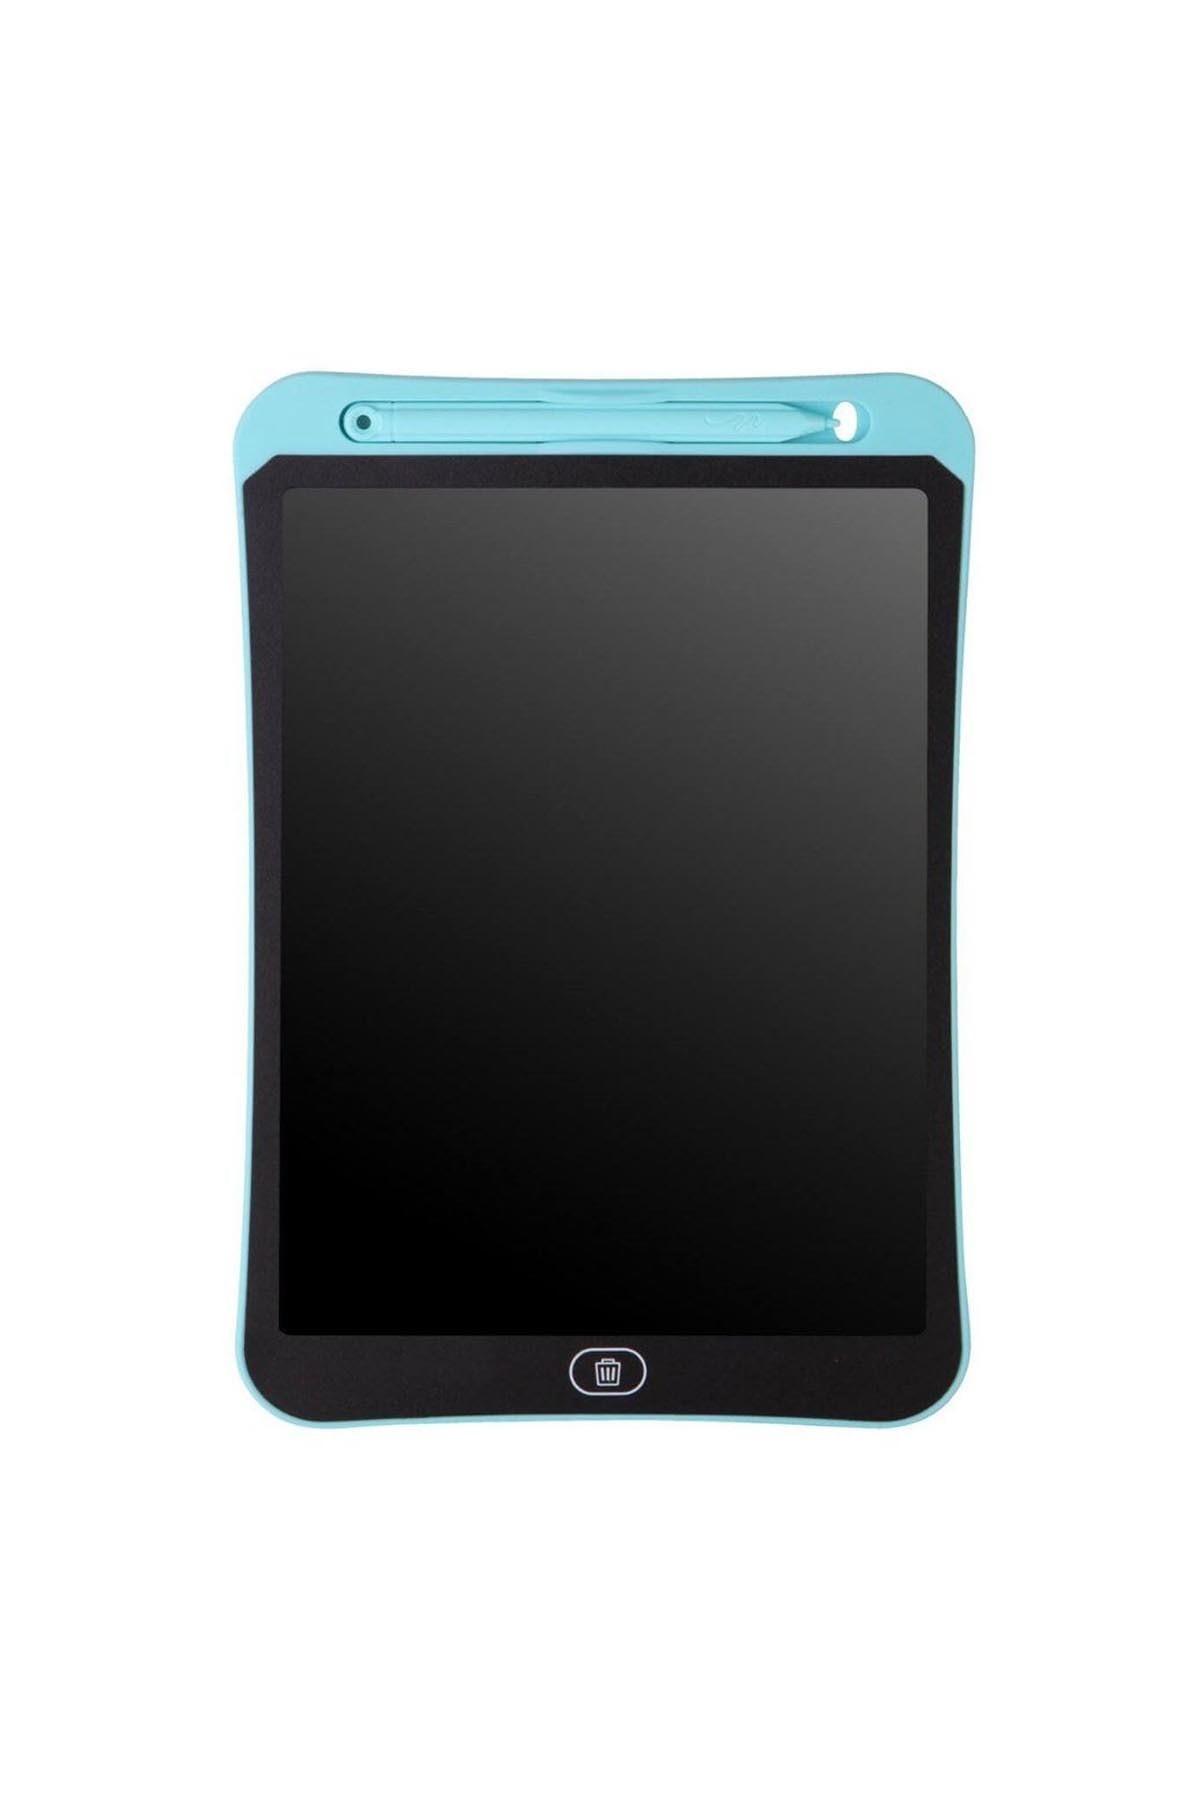 Let's Be Child 10 Inç LCD Renkli Çizim Tableti
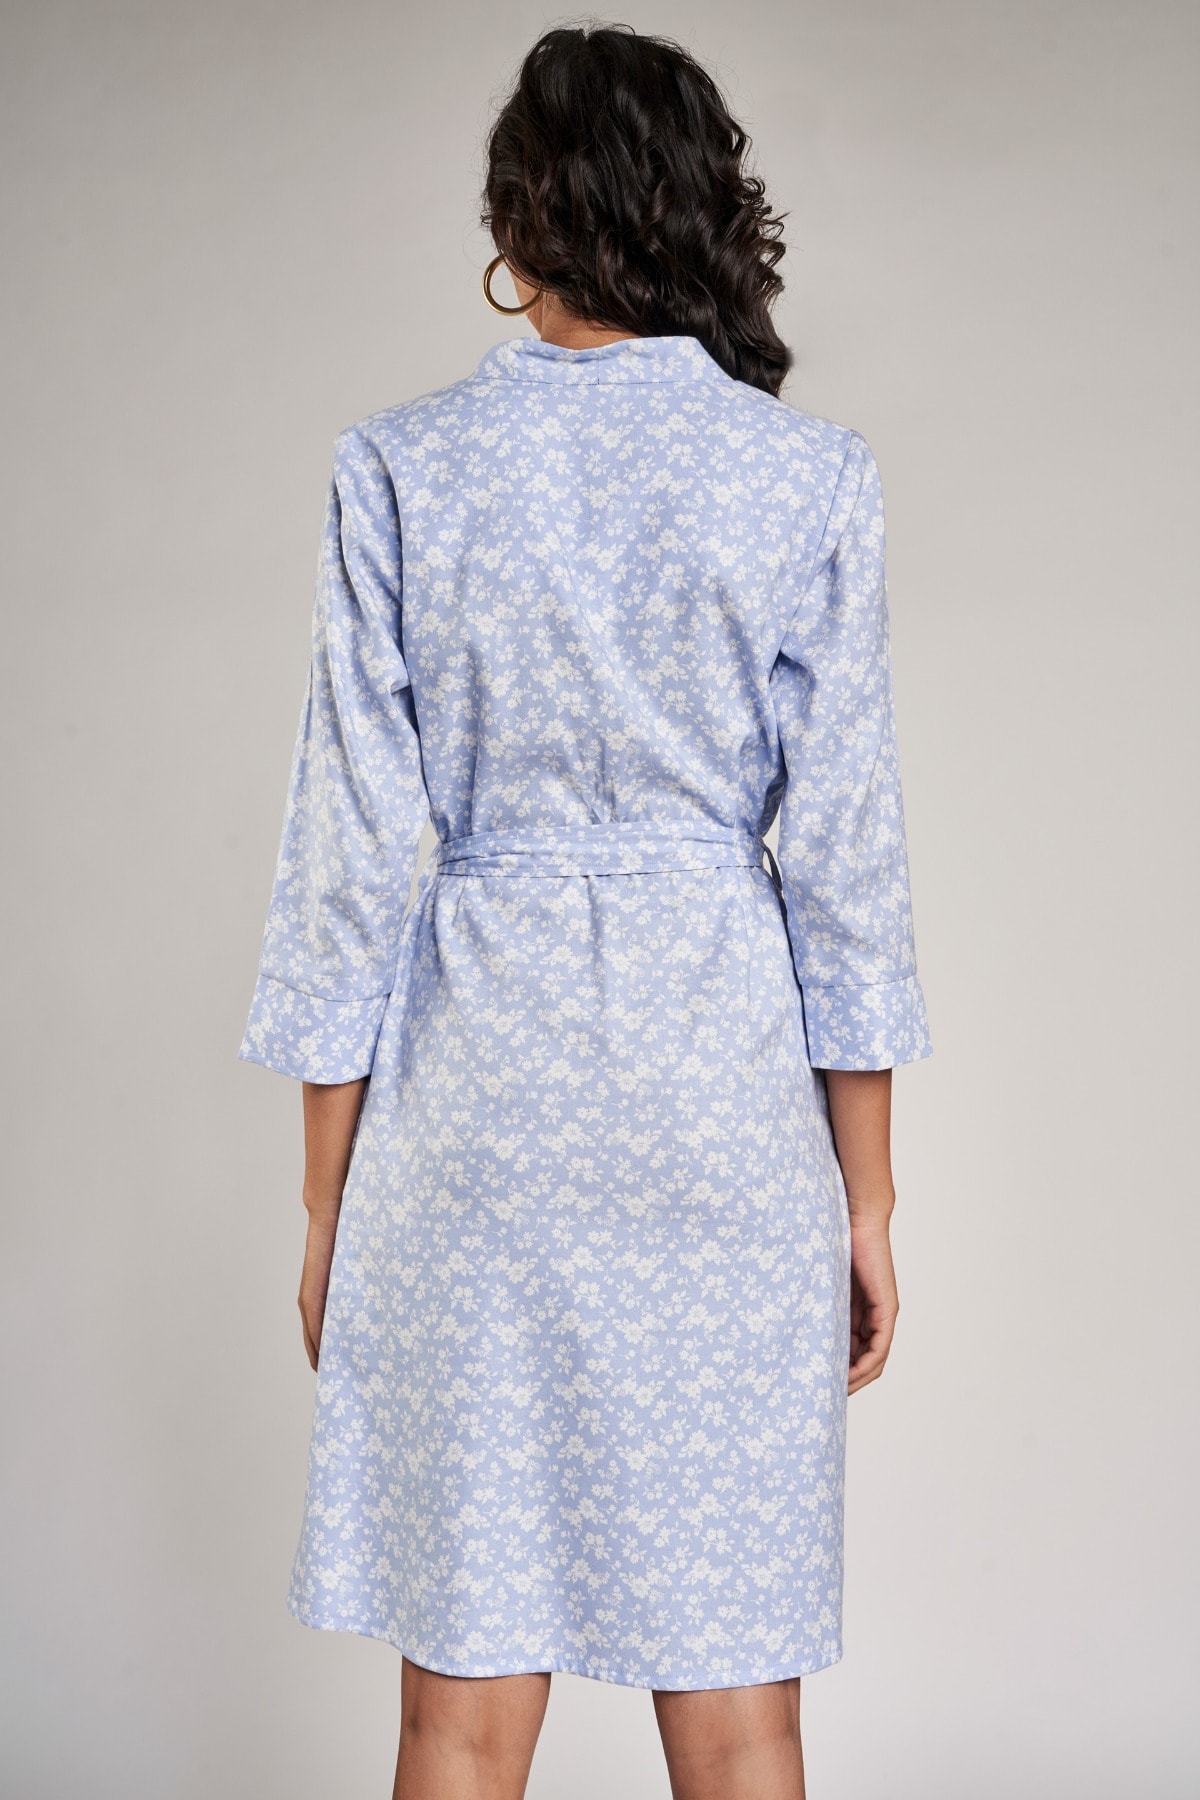 4 - Powder Blue Floral Printed Shift Dress, image 4
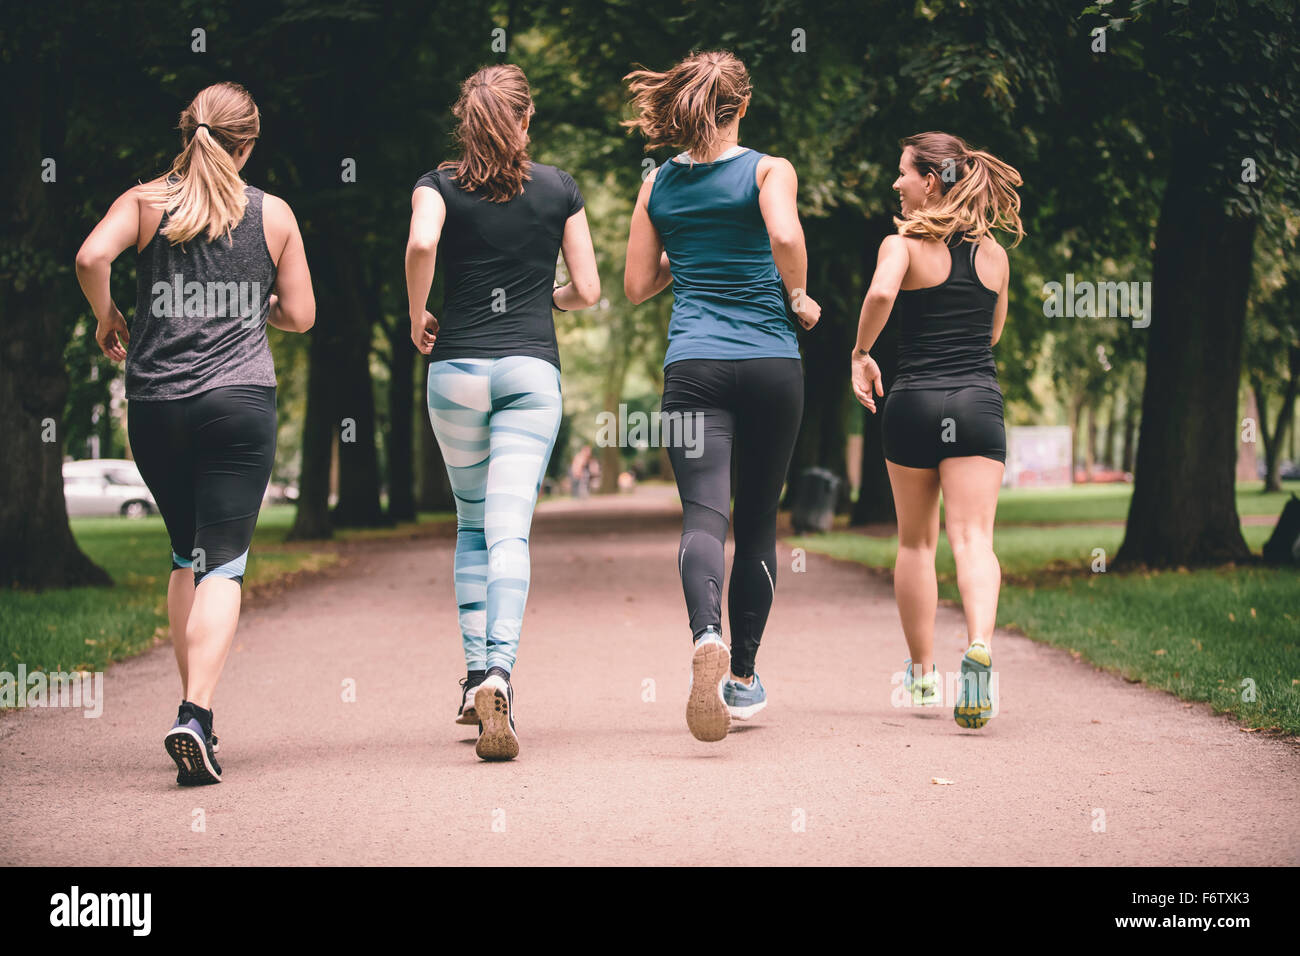 Four women jogging in park Stock Photo
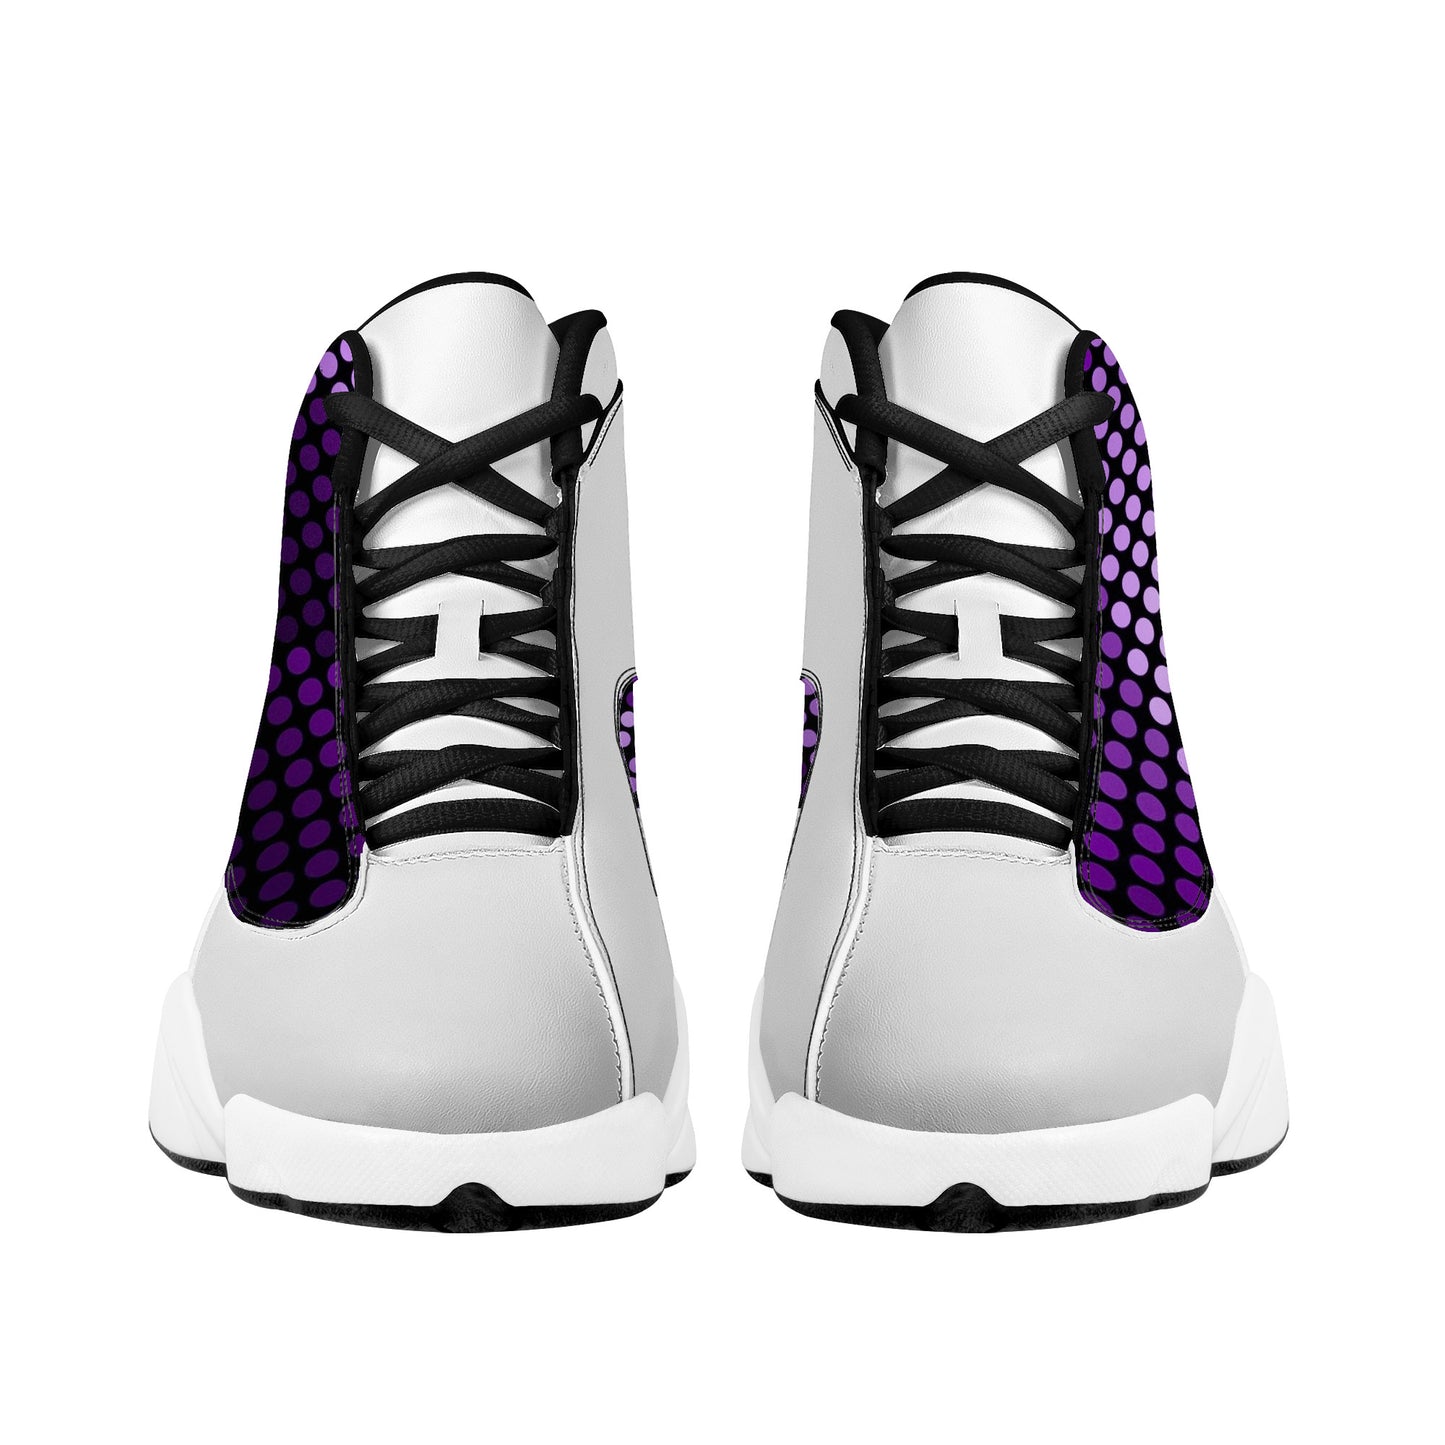 Basketball Shoes - Purple

• _Prompt_
Starting at the line that holds "4 - Powder Blue", copy each line exactly through the end of the material above, keeping both ends and dropping the pictures.

• _Answer to the exercise_
 4 - Powder Blue Floral Printed Shift Dress, image 4
 Four women jogging in park Stock Photo
 Basketball Shoes - Purple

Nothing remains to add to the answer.